Ready to be cleaned.








Removing Garlic








Garlic ready for packing.









Garlic Laid out on cookie sheet and ready for firming in the freezer.









Fresh out of the freezer and ready to be vacuum sealed.











Vacuum sealed and into the freezer.

Garlic does not keep well, I suggest the freezing unless it will be used within a week.


----------



## jc1947

*Thank you for the step by step. I am going to try it.*

*JC1947  *


----------



## raymo76

Thanks! I'll have to try that, and I just borrowed a vacuum sealer from my in laws and I think I have the garlic....


----------



## oldschoolbbq

Right on spot Squib
	

	
	
		
		



		
		
	


	





,you should have jumped on Dave's deal. His Garlic was Astounding
	

	
	
		
		



		
		
	


	





  and 3 different kinds. He's getting a Pumpkin Roll and Buckeyes for Christmas
	

	
	
		
		



		
		
	


	









Mmmmmmmmm.........................Garlic


----------



## fpnmf

Real nice SQWIB!!!

 Never thought about using the muffin tin..

  Craig


----------



## realtorterry

Awesome, I love roasted garlic!


----------



## sierra

Nice tutorial! 

Hmm... I wonder how well dehydrateing some of these would work to make smoked garlic powder...


----------



## exhaustedspark

I am confused. I thought Freezing Garlic caused it to lose its flavor.

Karl


----------



## sqwib

ExhaustedSpark said:


> I am confused. I thought Freezing Garlic caused it to lose its flavor.
> 
> Karl




No need to be confused and yes it will loose some of its potency as will under refrigeration.


----------



## sqwib

Sierra said:


> Nice tutorial!
> 
> Hmm... I wonder how well dehydrateing some of these would work to make smoked garlic powder...

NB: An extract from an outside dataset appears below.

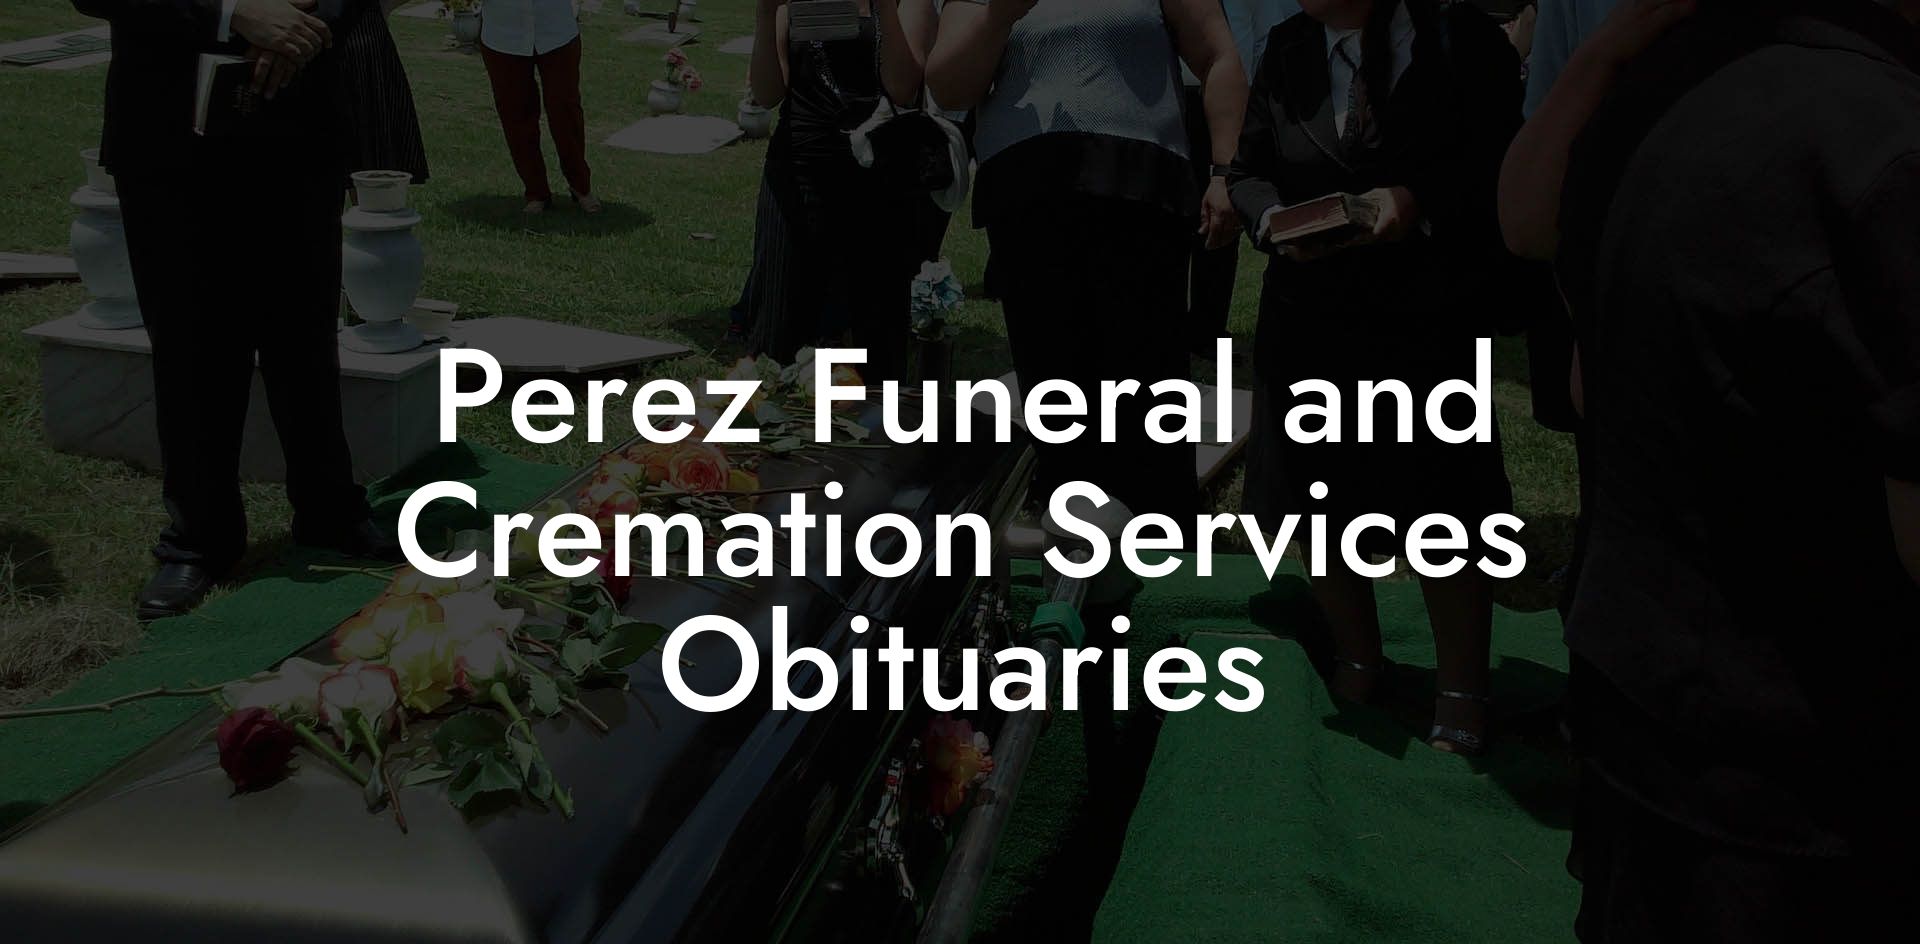 Perez Funeral and Cremation Services Obituaries

I probably wouldn't use oil if dehydrating them, maybe just dry them in a smoker followed by a dehydrator.


----------



## masterofmymeat

I did not know that garlic loses flavor if refrigerated or froze. Note to self: keep

the garlic out of the fridge and use it pronto, thanks SQWIB...James


----------



## sqwib

fpnmf said:


> Real nice SQWIB!!!
> 
> Never thought about using the muffin tin..
> 
> Craig




Keeps the oil in better, however you need to keep temps low because the pan will get hot and cook the garlic where it touches the sides, you can see in my pics a few cloves got cooked a little bit.


----------



## daveomak

Sqwib.... That looks so good... Bride does the same for saving over the winter... Um Um GOOD STUFF.....
 


Sierra said:


> Nice tutorial!
> 
> Hmm... I wonder how well dehydrateing some of these would work to make smoked garlic powder...

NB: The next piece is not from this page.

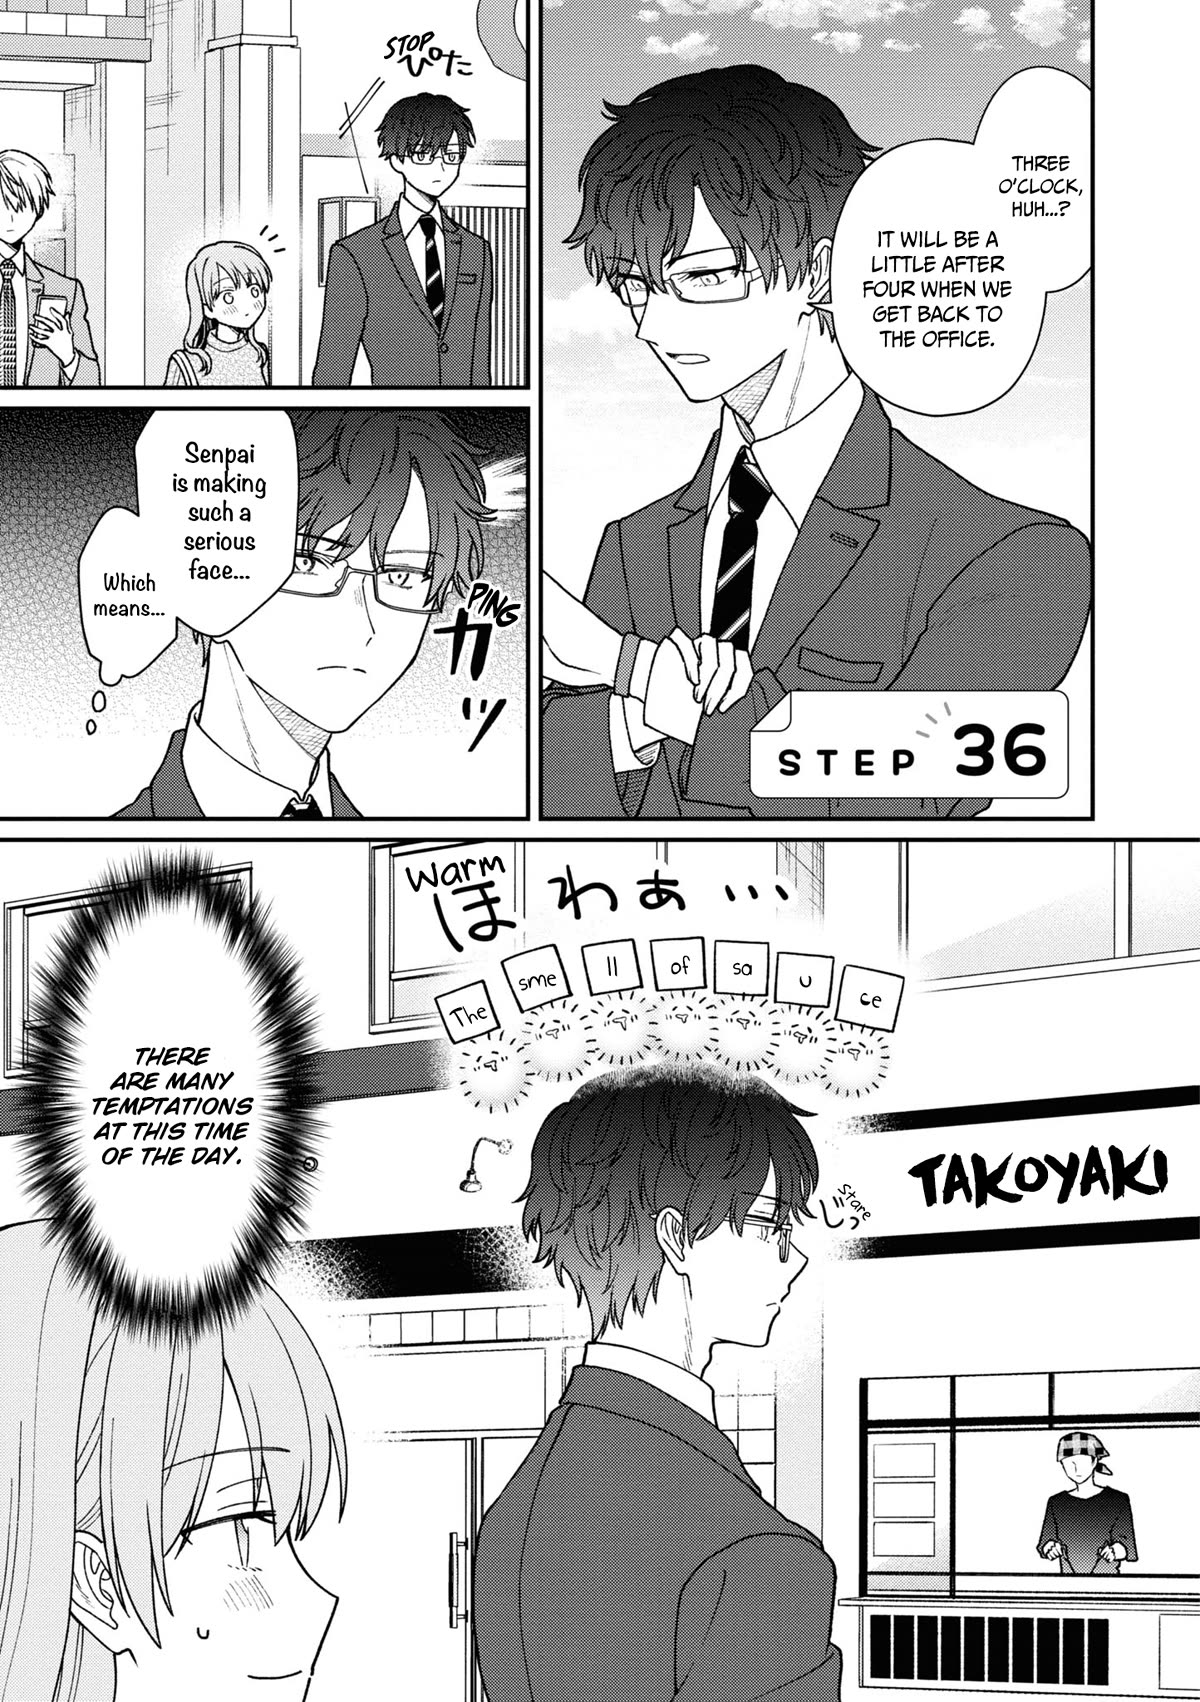 The New-Hire Who Could "Read" Emotions and the Unsociable Senpai - chapter 36 - #2

Sierra, afternoon...... I have dehydrated lots of garlic.... Here is a thread to it.... I would dehydrate and then cold smoke it at 110*F ... then vac pack and freeze and grind just prior to use... Dave

http://www.smokingmeatforums.com/t/110163/dehydrating-garlic


----------



## sierra

DaveOmak said:


> Sqwib.... That looks so good... Bride does the same for saving over the winter... Um Um GOOD STUFF.....
> 
> 
> 
> 
> Sierra, afternoon...... I have dehydrated lots of garlic.... Here is a thread to it.... I would dehydrate and then cold smoke it at 110*F ... then vac pack and freeze and grind just prior to use... Dave
> 
> 
> 
> http://www.smokingmeatforums.com/t/110163/dehydrating-garlic



Thanks for the info! I will certainly need to try this next soon!


----------



## scarbelly

Nice tutorial Squib. Been roasting in tins for years but now I gotta try in the smoker. 

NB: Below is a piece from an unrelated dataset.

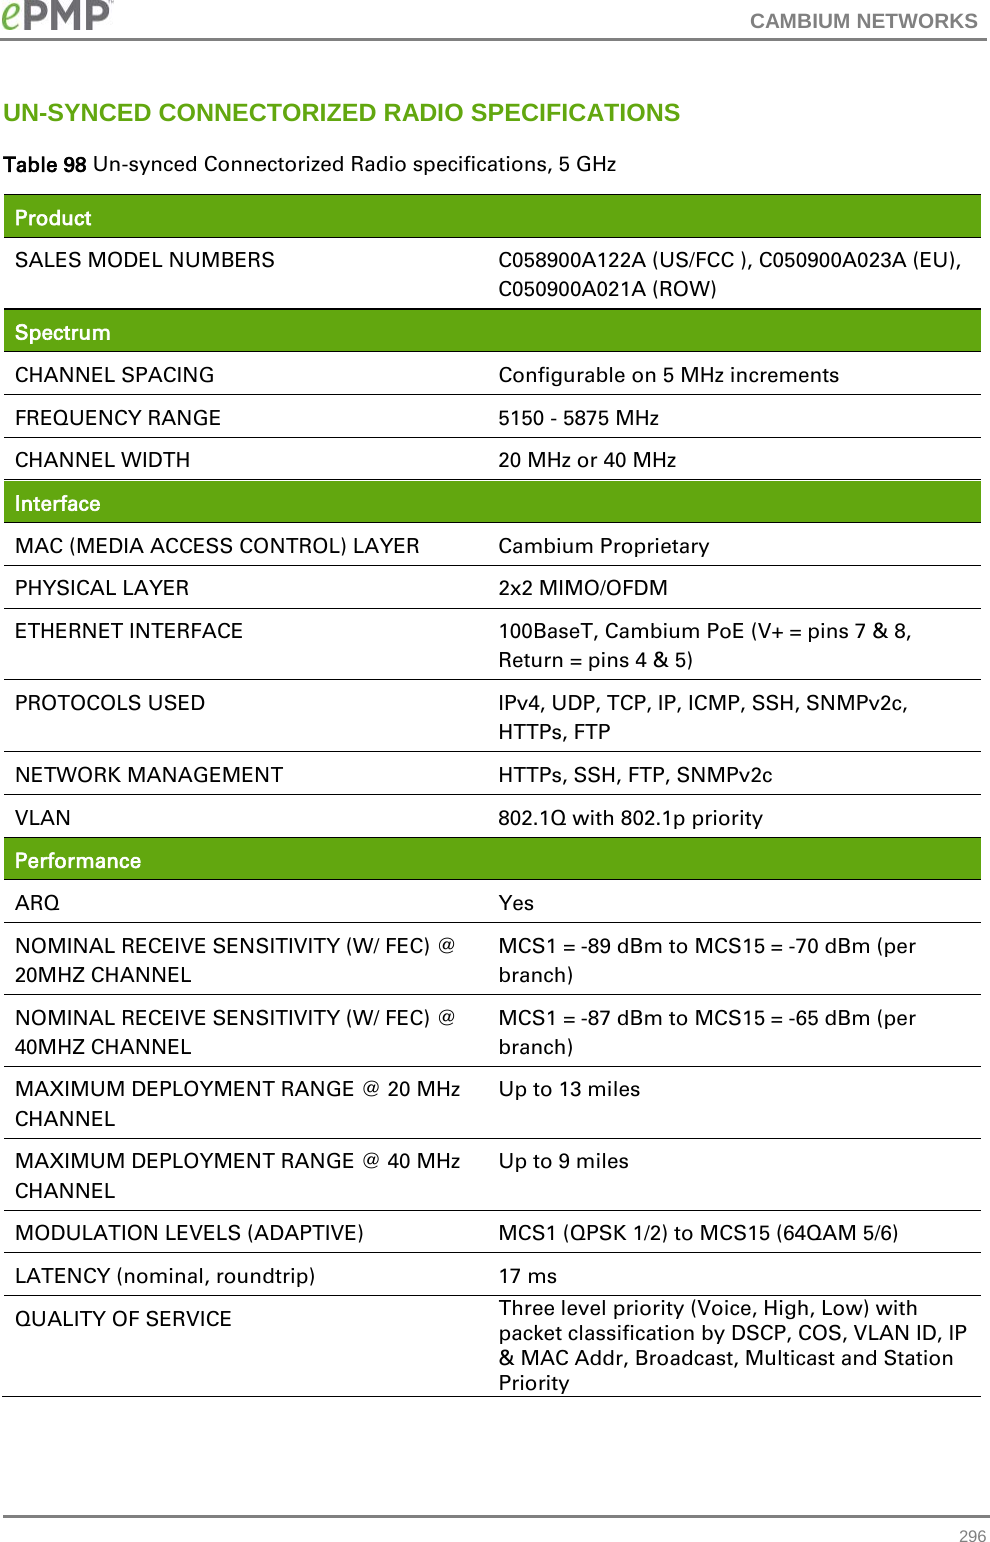 CAMBIUM NETWORKS  UN-SYNCED CONNECTORIZED RADIO SPECIFICATIONS Table 98 Un-synced Connectorized Radio specifications, 5 GHz Product  SALES MODEL NUMBERS C058900A122A (US/FCC ), C050900A023A (EU), C050900A021A (ROW) Spectrum  CHANNEL SPACING Configurable on 5 MHz increments FREQUENCY RANGE 5150 - 5875 MHz CHANNEL WIDTH 20 MHz or 40 MHz Interface  MAC (MEDIA ACCESS CONTROL) LAYER Cambium Proprietary PHYSICAL LAYER 2x2 MIMO/OFDM ETHERNET INTERFACE 100BaseT, Cambium PoE (V+ = pins 7 &amp; 8, Return = pins 4 &amp; 5) PROTOCOLS USED IPv4, UDP, TCP, IP, ICMP, SSH, SNMPv2c, HTTPs, FTP NETWORK MANAGEMENT HTTPs, SSH, FTP, SNMPv2c VLAN 802.1Q with 802.1p priority Performance  ARQ Yes NOMINAL RECEIVE SENSITIVITY (W/ FEC) @ 20MHZ CHANNEL MCS1 = -89 dBm to MCS15 = -70 dBm (per branch) NOMINAL RECEIVE SENSITIVITY (W/ FEC) @ 40MHZ CHANNEL MCS1 = -87 dBm to MCS15 = -65 dBm (per branch) MAXIMUM DEPLOYMENT RANGE @ 20 MHz CHANNEL Up to 13 miles MAXIMUM DEPLOYMENT RANGE @ 40 MHz CHANNEL Up to 9 miles MODULATION LEVELS (ADAPTIVE) MCS1 (QPSK 1/2) to MCS15 (64QAM 5/6) LATENCY (nominal, roundtrip) 17 ms QUALITY OF SERVICE Three level priority (Voice, High, Low) with packet classification by DSCP, COS, VLAN ID, IP &amp; MAC Addr, Broadcast, Multicast and Station Priority  296

Gotta agree with the rest of the guys, Davids garlic is awesome


----------



## sqwib

DaveOmak said:


> Sqwib.... That looks so good... Bride does the same for saving over the winter... Um Um GOOD STUFF.....
> 
> 
> Sierra, afternoon...... I have dehydrated lots of garlic.... Here is a thread to it.... I would dehydrate and then cold smoke it at 110*F ... then vac pack and freeze and grind just prior to use... Dave
> 
> http://www.smokingmeatforums.com/t/110163/dehydrating-garlic


Dave great tutorial, what exactly did you use to slice that garlic?


----------



## africanmeat

SQWIB you right it does not last long we finishing it quick quick in pasta.mash.butter spread .


----------



## daveomak

SQWIB said:


> Dave great tutorial, what exactly did you use to slice that garlic?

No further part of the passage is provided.